In the past five days, two deaths have taken place due to pellet injuries at SMHS hospital here, the records reveal.
On Saturday (July 9, 2016), doctors said a youth aged 20 was brought to the hospital with severe pellet injuries in his head.
"A spray of pellets had pierced his head, making a large hole on one side and exit from the other side," the doctors, who wished not to be named, said. "His whole brain was shattered."
"We intubated him but he was non-salvageable," the doctors, who were part of the team in Trauma Operation Theatre, said. "He died in no time, although we attempted to resuscitate him."
The victim, they said, was seen vide Card No 40248.

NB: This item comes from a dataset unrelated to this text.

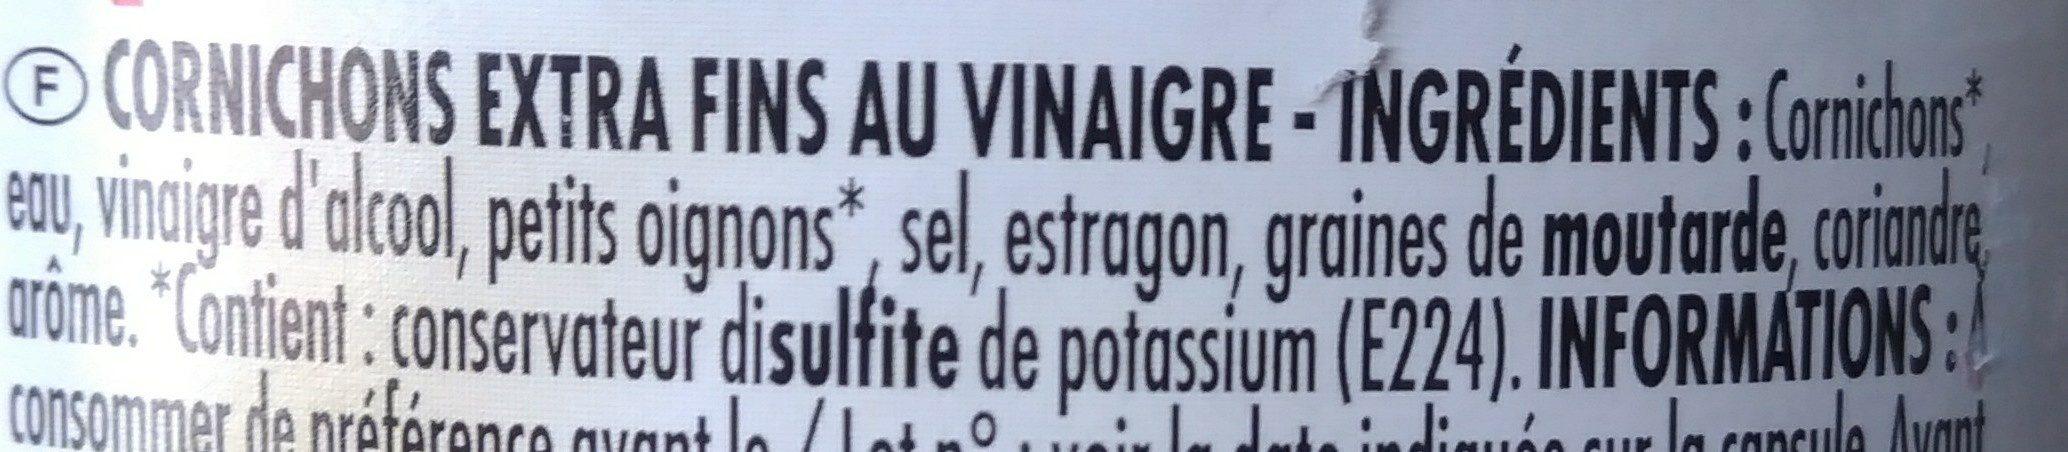 Les Cornichons extra fins - Ingrédients - fr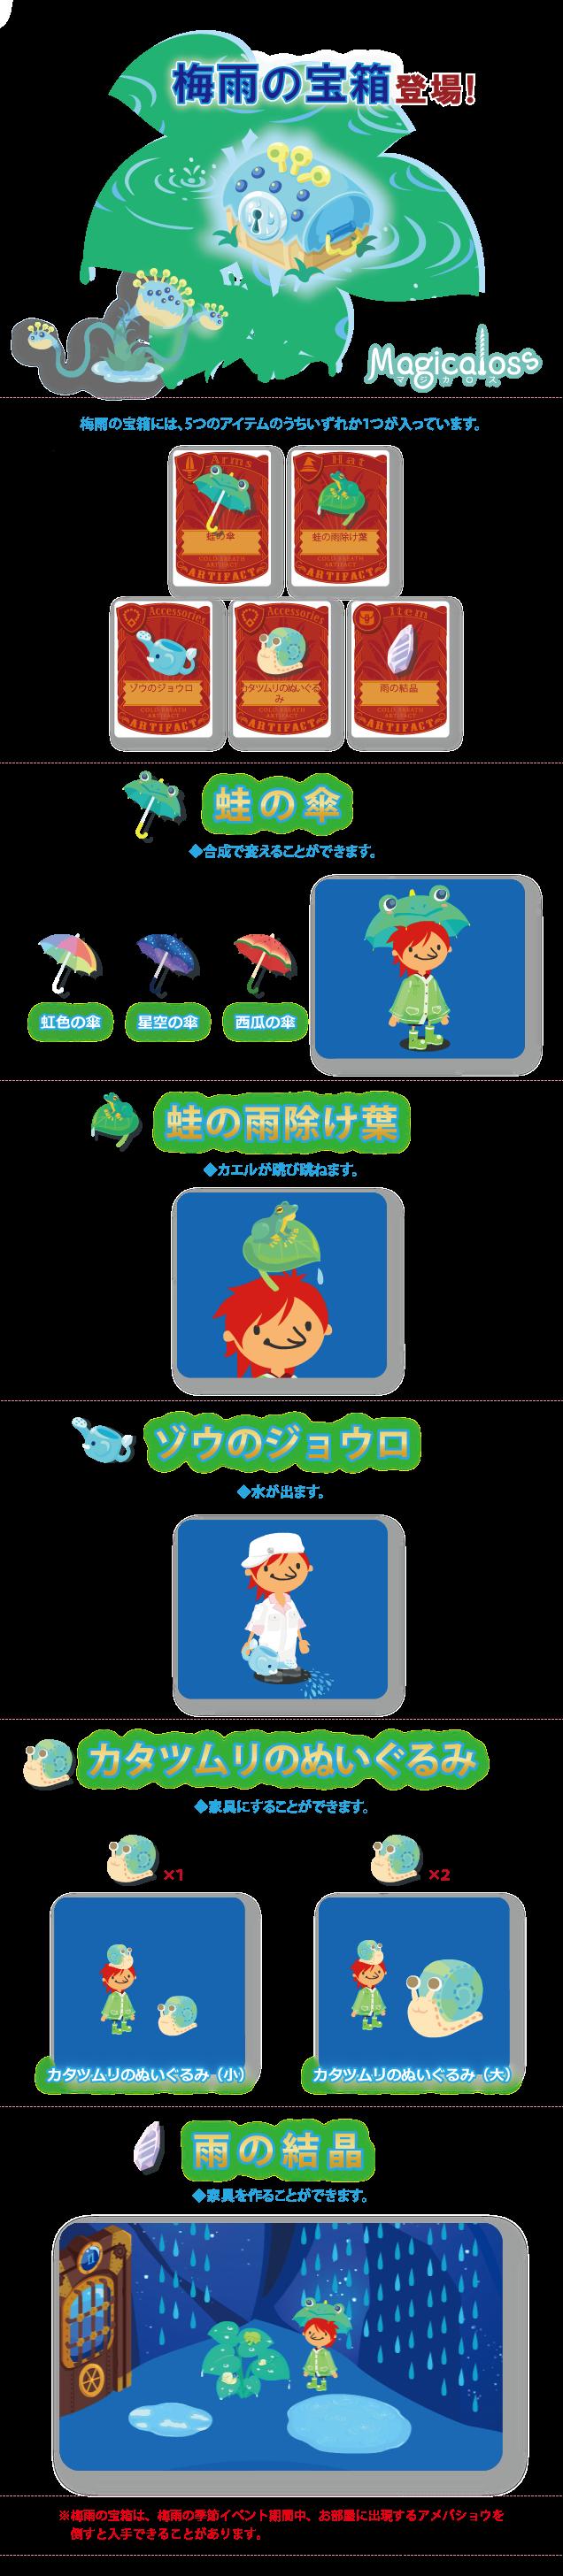 梅雨の宝箱登場!

Doctors said his name was not recorded as he was brought to the hospital by people who did not know him. "It was a chaos and thus impossible to record all details of all the patients that time," they said.
On the morning of July 10, 25-year-old Altaf Ahmed from Rajpora Pulwama died at the Hospital.

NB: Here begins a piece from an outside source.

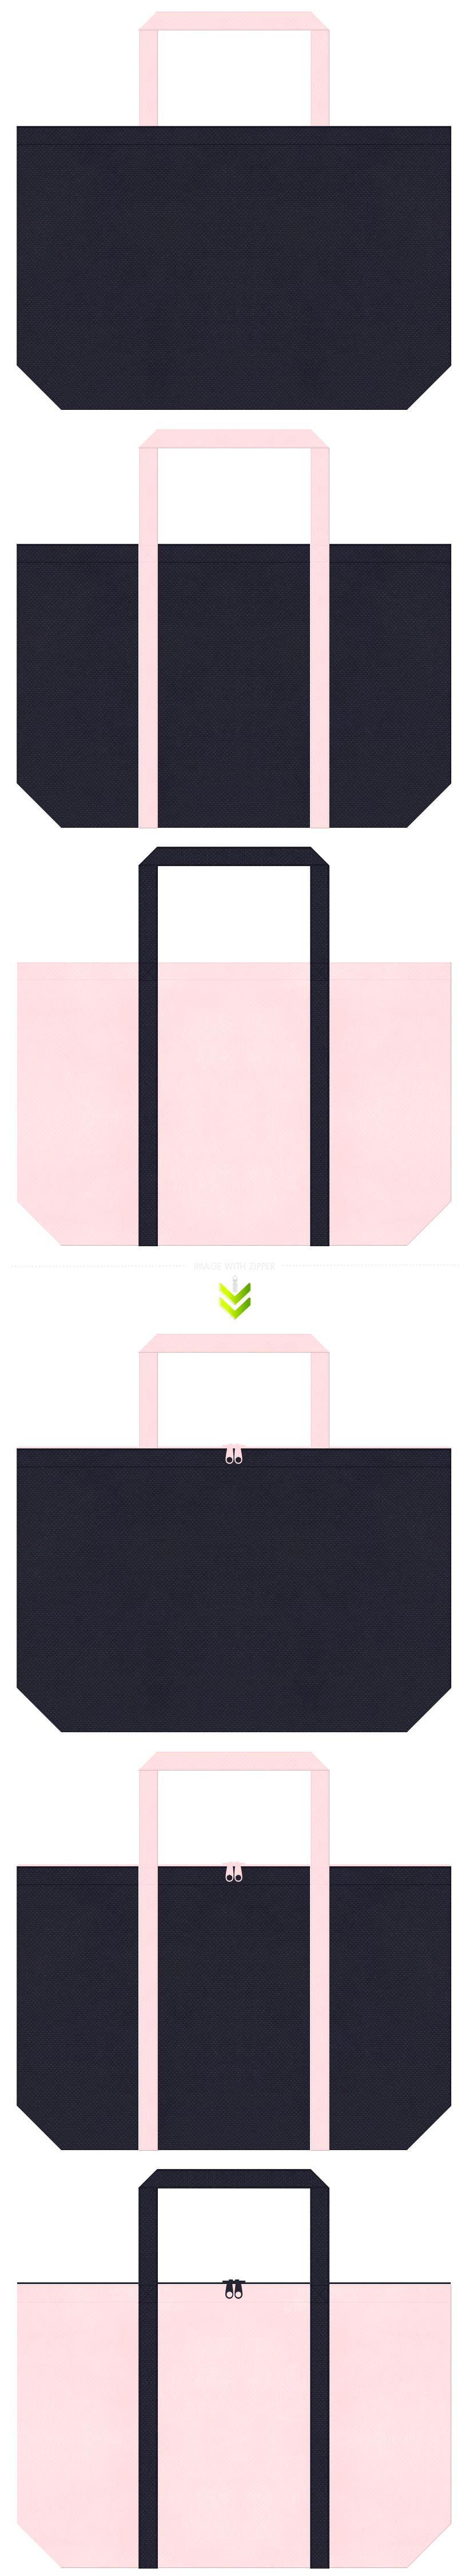 濃紺色と桜色の不織布エコバッグのデザイン。スポーティーファッションのショッピングバッグにお奨めです。

Admitted vide MRD No 72517, Ahmad had multiple pellet injuries in his chest. "We removed some pellets but it came to fore that he had cardiac temponade (fluid in the sac in which heart is enclosed) caused by the holes that pellets had made in his heart. He was put in ICU but he died," doctors said.
Altaf had been brought to hospital on July 9, 2016.
"His internal injuries were really bad. Multiple pellets had made innumerable laceration on his thoracic cavity and vital organs," the doctors who attended to him said.
The two deaths are the latest addition to the toll of casualties caused by pellets while police have been beating the drum of using "non-lethal pellet guns" on street protesters. Doctors said pellet injuries can be lethal and a number of injured currently undergoing treatment at the SMHS hospital have been hit by pellets.
"It is not just about eyes. A pellet anywhere in body, especially in upper body can be lethal," Dr Javed Ahmed, senior surgeon at Department of Surgery in SMHS Hospital, said.
He recalled that a number of patients had 'intensive surgeries' necessitated due to serious pellet injuries.
"Some people hit by a pellet gun are misled to believe that they have been hit by bullets. The injury is much worse," Dr Javed said, adding: "The probability of hitting a vital organ is more due to the high number of 'mini-bullets' that pellets take the shape of, when fired."
"Such pellets fired from close-range make a large hole," Dr Javed said.